DATASET CONTENT:
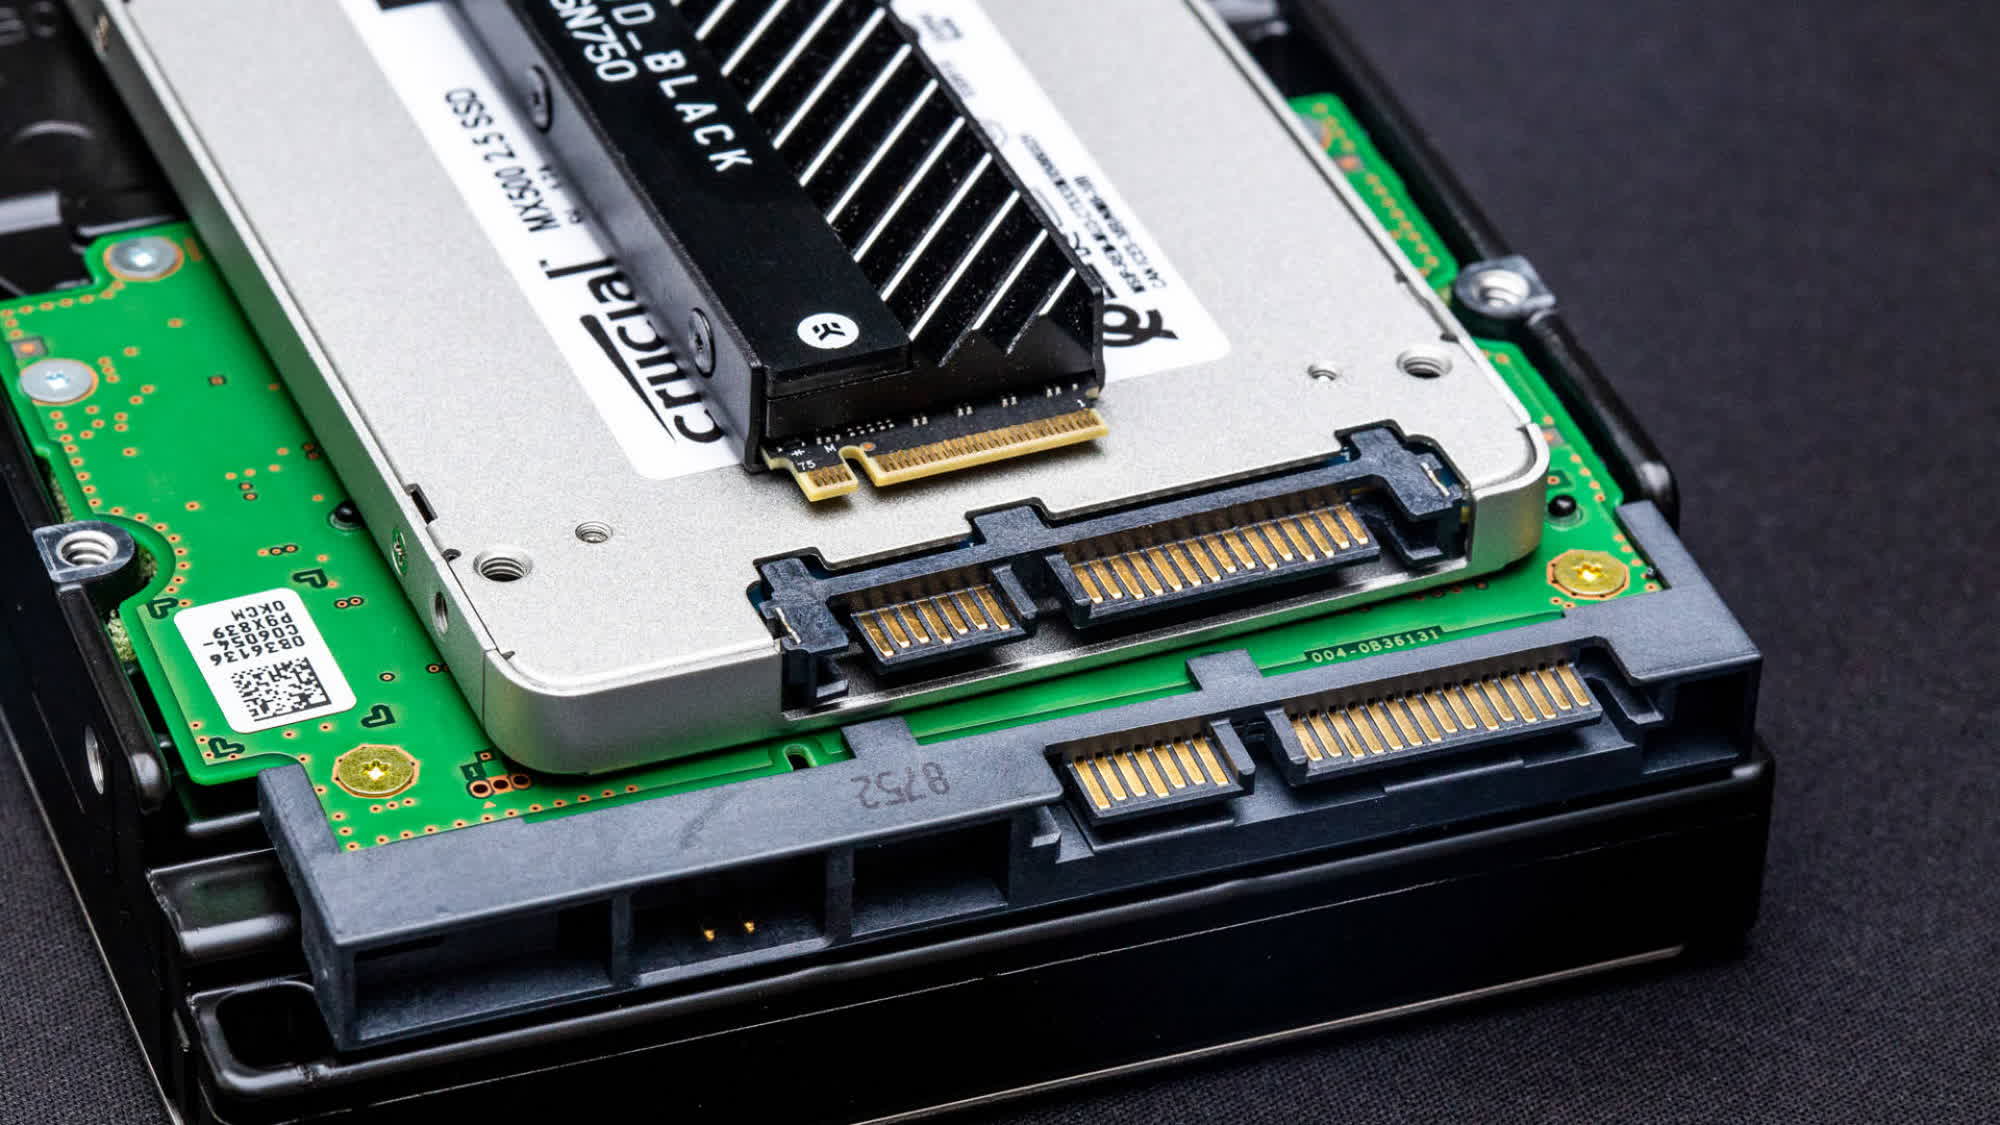 SSD reliability is only slightly better than HDD, Backblaze says
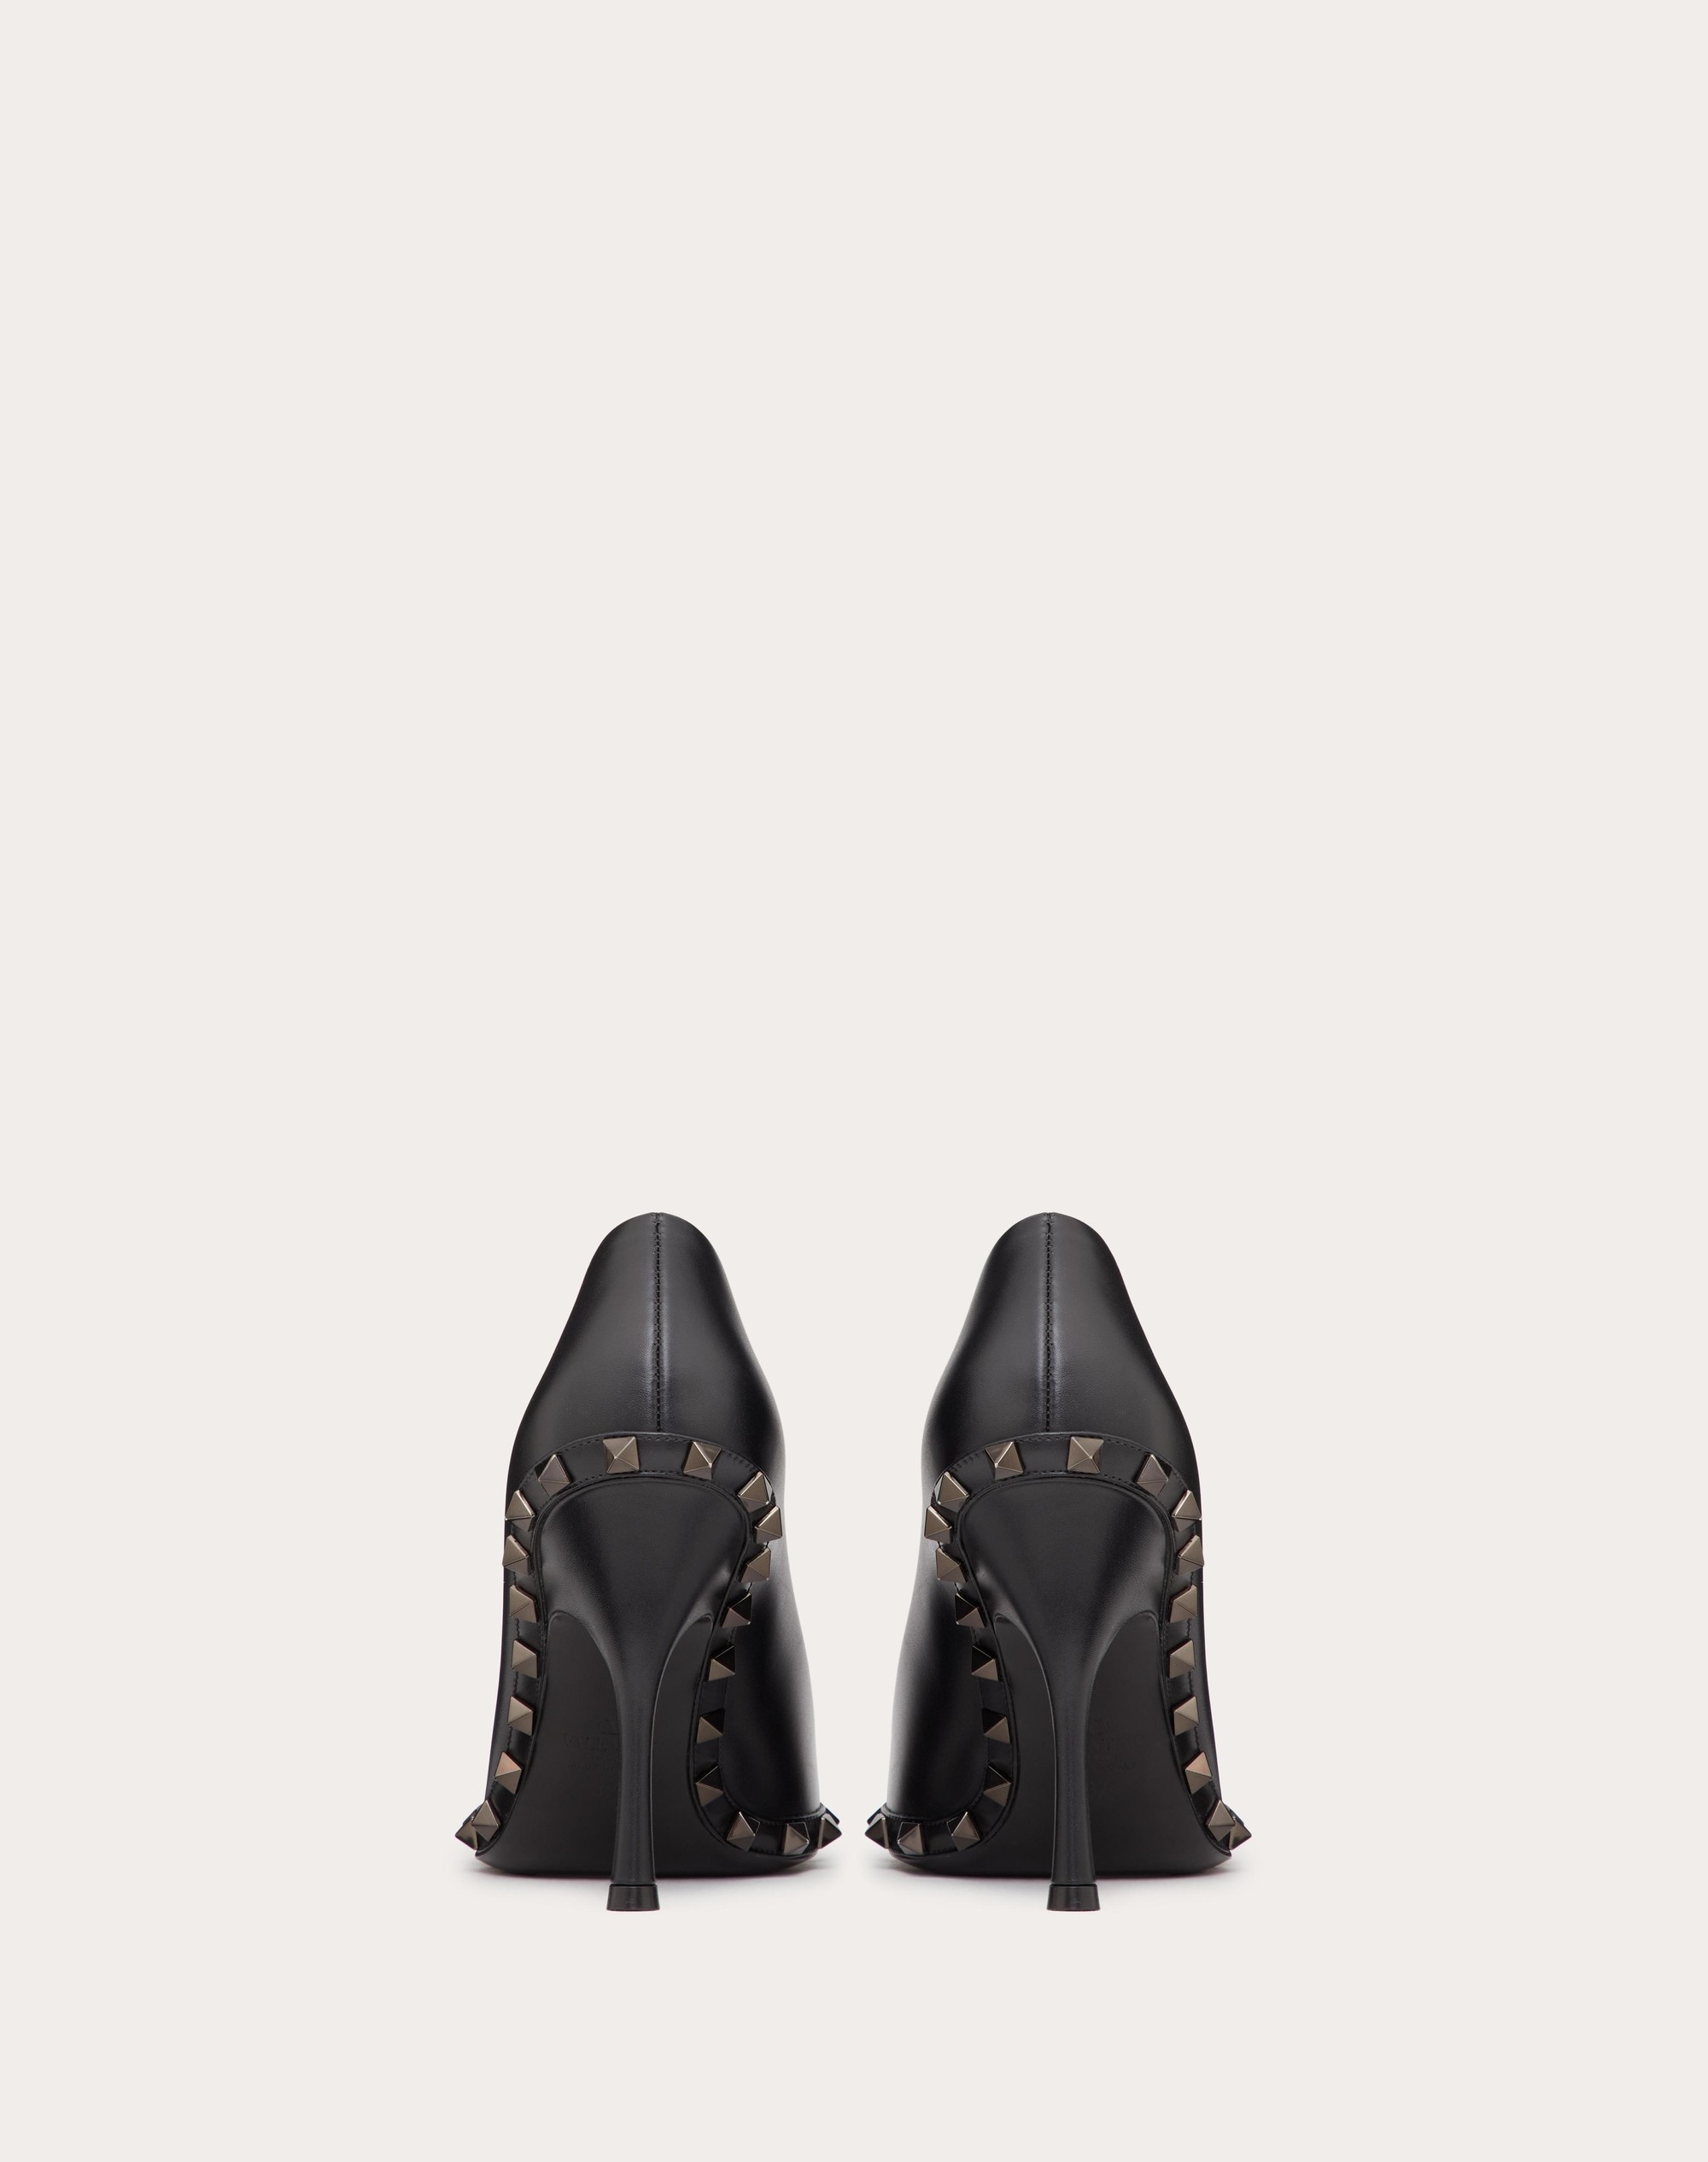 ROCKSTUD PUMPS IN CALFSKIN WITH TONE-ON-TONE STUDS 100MM - 3
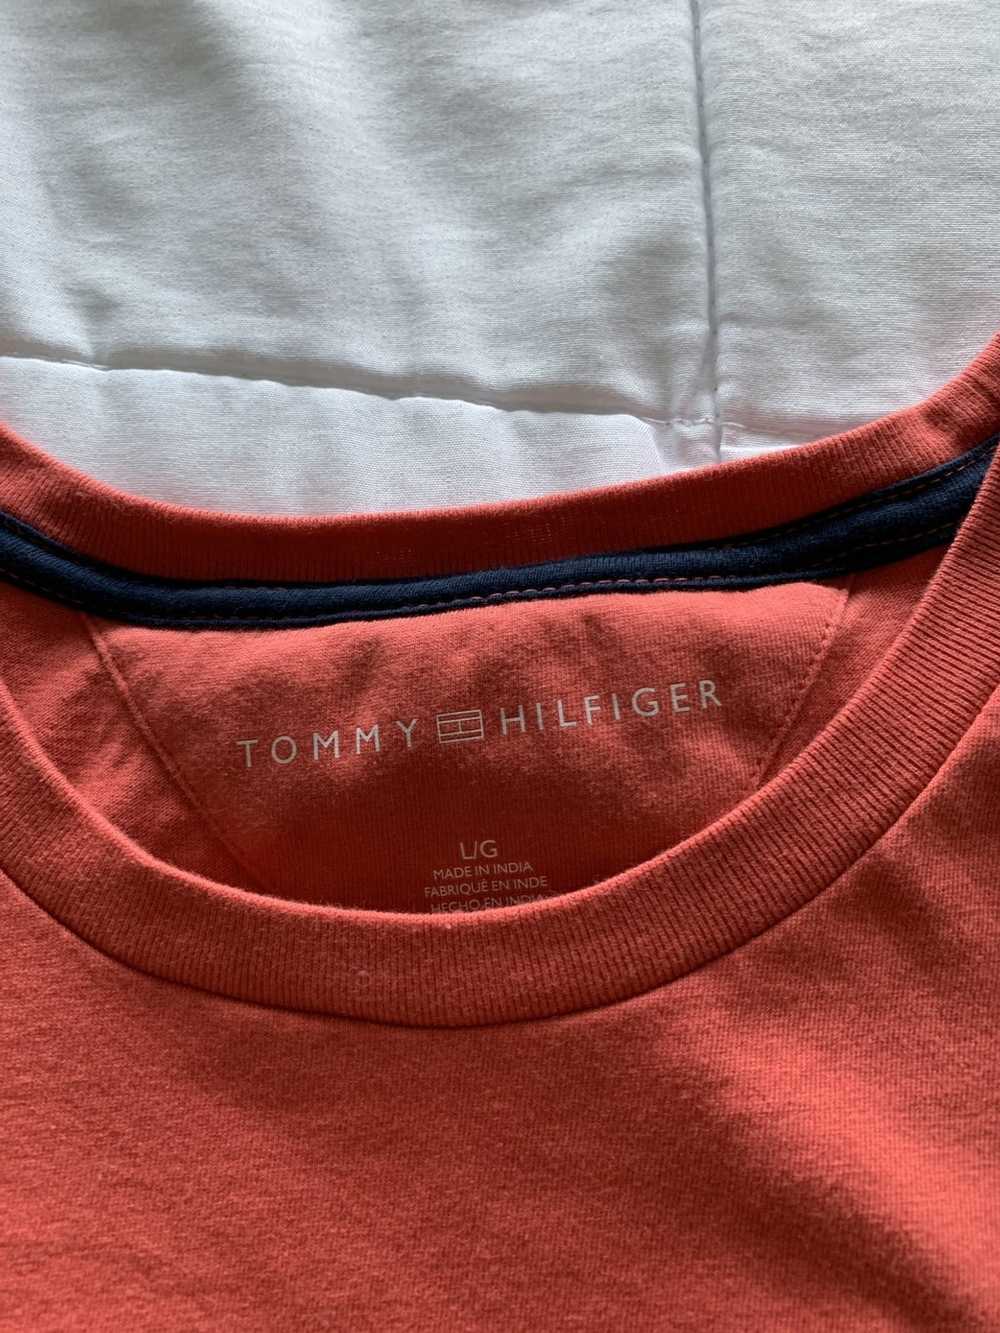 Tommy Hilfiger Tommy Hilfiger small logo tee - image 2
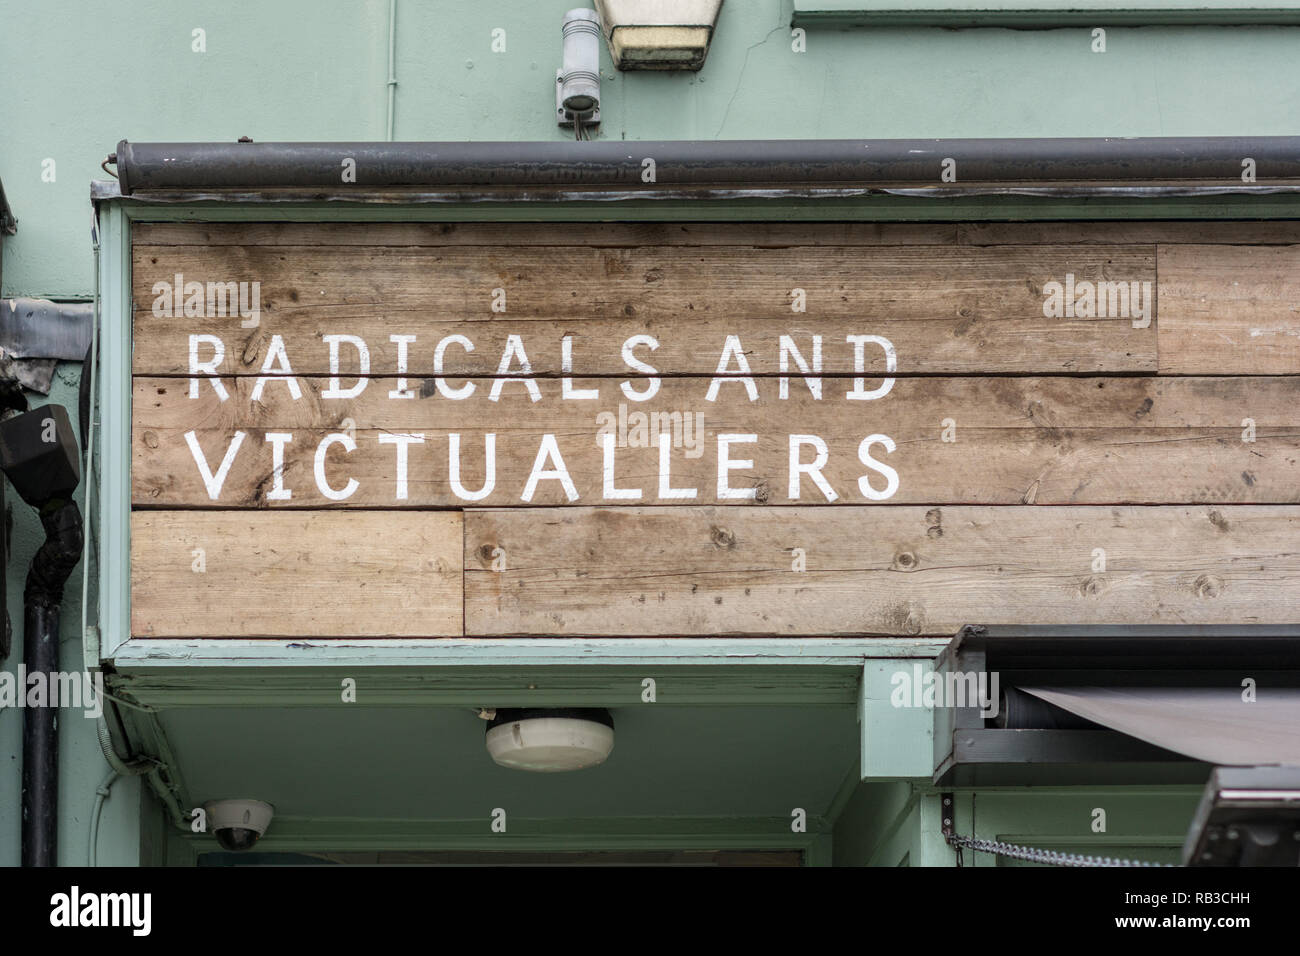 A shop sign in Islington, London: Esence of Islington? Radicals and Victuallers Stock Photo

AIM OF THE TASK:
Set down nothing but the lines from the one containing "Tommy Hilfiger Tommy" to the final line above, both included, with every picture left out.

THE ANSWER:
 Tommy Hilfiger Tommy Hilfiger small logo tee - image 2
 A shop sign in Islington, London: Esence of Islington? Radicals and Victuallers Stock Photo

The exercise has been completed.